Delegations from China and the U.S., led by Chinese Vice Premier Liu He and U.S. Commerce Secretary Wilbur Ross, held another round of trade talk in Beijing on Saturday and Sunday, following two rounds of earlier negotiations in Beijing and Washington, the official Xinhua News Agency reported.

No announcement of any deal has been made regarding the latest round of talk, but a short statement issued by the Chinese government said talks over the weekend have made “positive and concrete” progress

“To implement the consensus reached in Washington, the two sides have had good communication in various areas such as agriculture and energy, and have made positive and concrete progress while relevant details are yet to be confirmed by both sides,” the statement said.

A person with knowledge of the matter told Caixin that the latest talks were held based on the agreements that the two sides made in Washington last month. Although there have been twists and turns since then, China’s viewpoint and strategy have been unchanged during the negotiations, the source said.

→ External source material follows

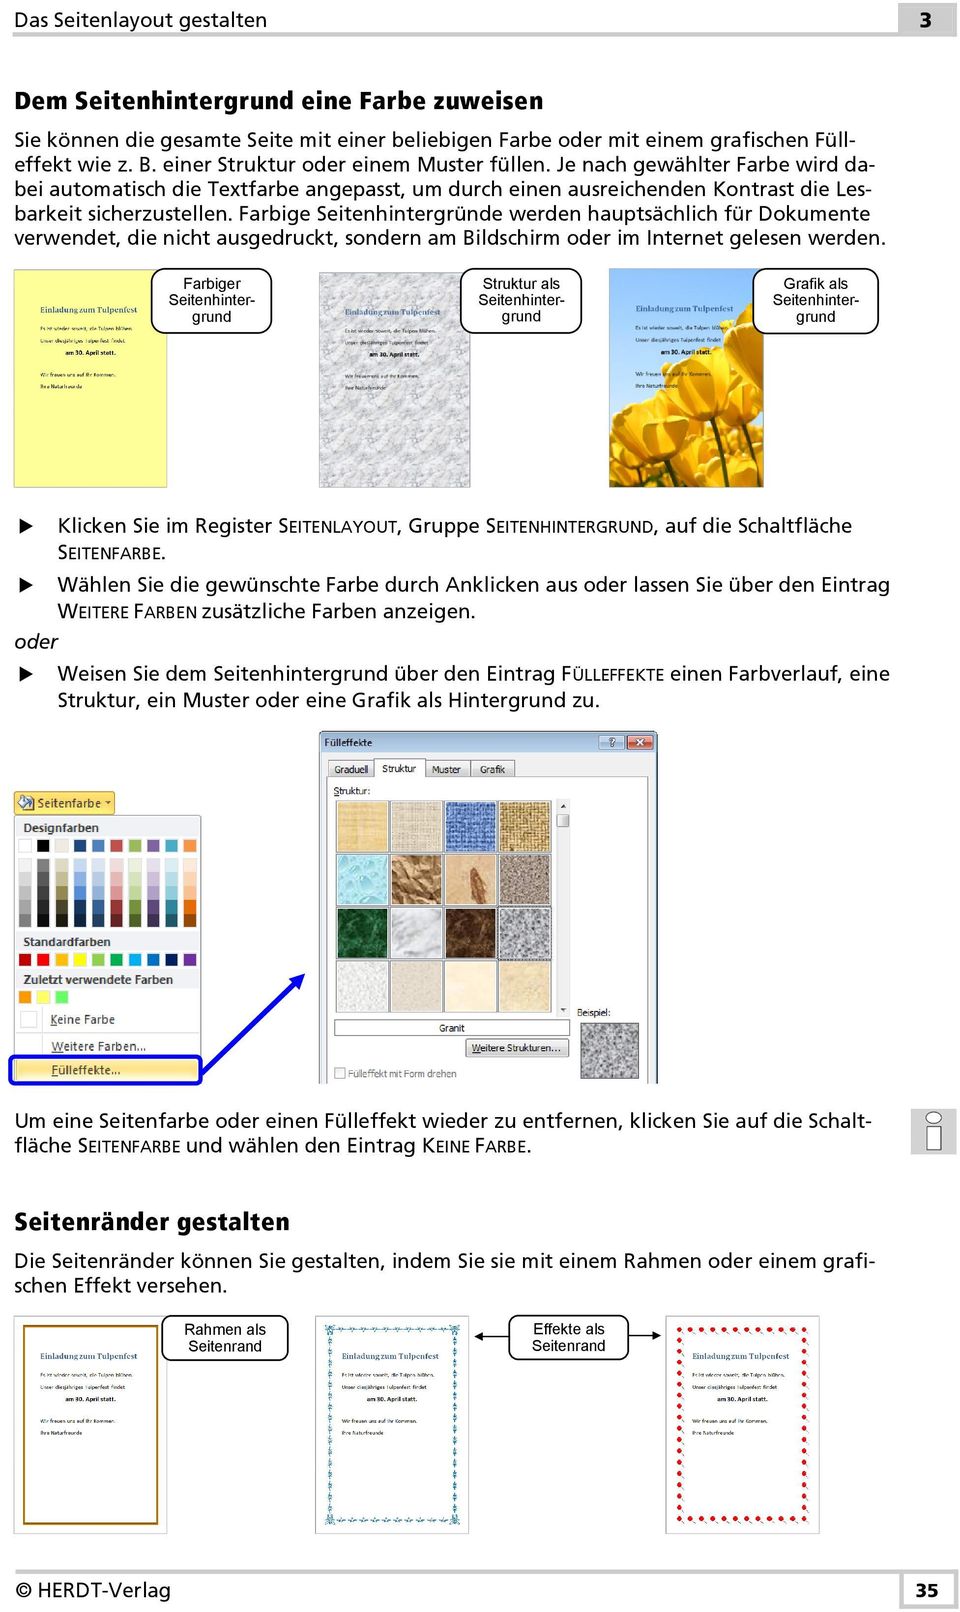 Farbige Seitenhintergründe werden hauptsächlich für Dokumente verwendet, die nicht ausgedruckt, sondern am Bildschirm im Internet gelesen werden.

China and the U.S. issued a joint statement in late May after a second round of trade talks, during which China agreed to “substantially” reduce its large trade surplus with the U.S., particularly by importing more American agricultural and energy goods. But the easing of tensions was jolted by U.S. President Donald Trump’s vow before the weekend talks to revive threatened tariffs on $50 billion worth of imports from China. 

China has been slashing tariffs on automobiles and other consumer goods in the past few weeks, and making it easier for foreign financial-services companies to access Chinese markets.

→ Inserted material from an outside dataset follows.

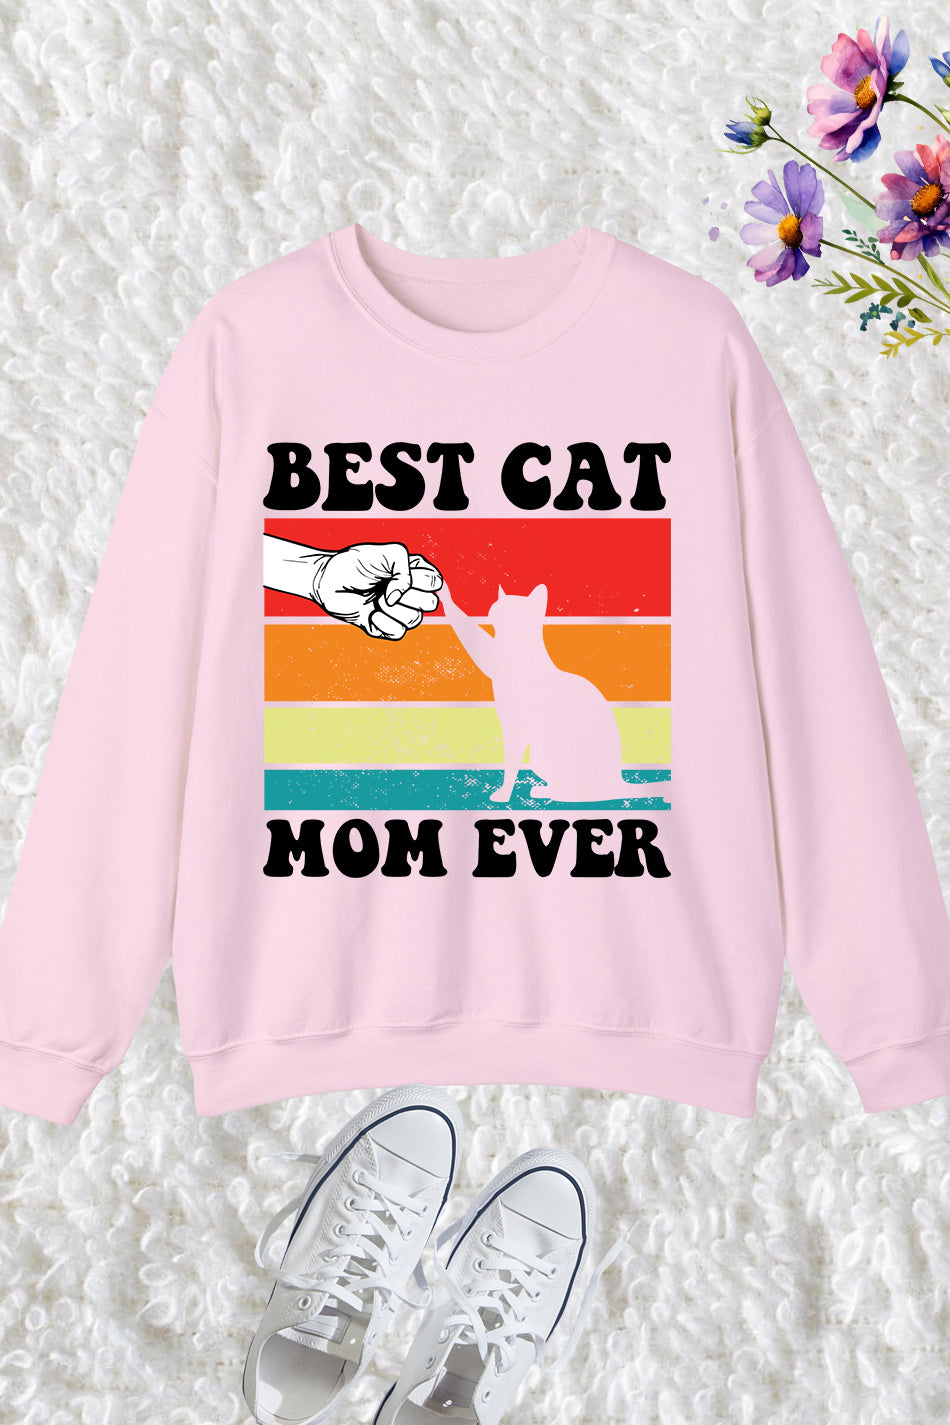 Best Cat Mom Ever Sweatshirt

China’s attitude had been consistent and it is willing to increase imports from all countries, including the U.S., to meet the Chinese people’s ever-growing needs for a better life and the requirements of high-quality economic development, the statement said.

“Reform and opening-up as well as expanding domestic demand are China’s national strategies. Our set pace will not change,” the statement said.

But in a rare straightforward warning at the end of the statement, it said, “If the U.S. introduces trade measures, including an increase of tariffs, all the economic and trade outcomes negotiated by the two parties will not take effect.”

The statement intends to alert the U.S. government — which is divided on its attitude toward China — about the bottom line on future trade negotiations, analysts said. This indicates that China will keep its own pace to pursue easing the trade-war threat through negotiations while safeguarding its interests, they said.

Agreements between China and the U.S. should be based on the premise that both sides will move in the same direction and not wage a trade war, the statement said.

Routine procedures call for the U.S. delegation to report to Trump about the latest talk after returning. Details regarding the negotiations will be confirmed.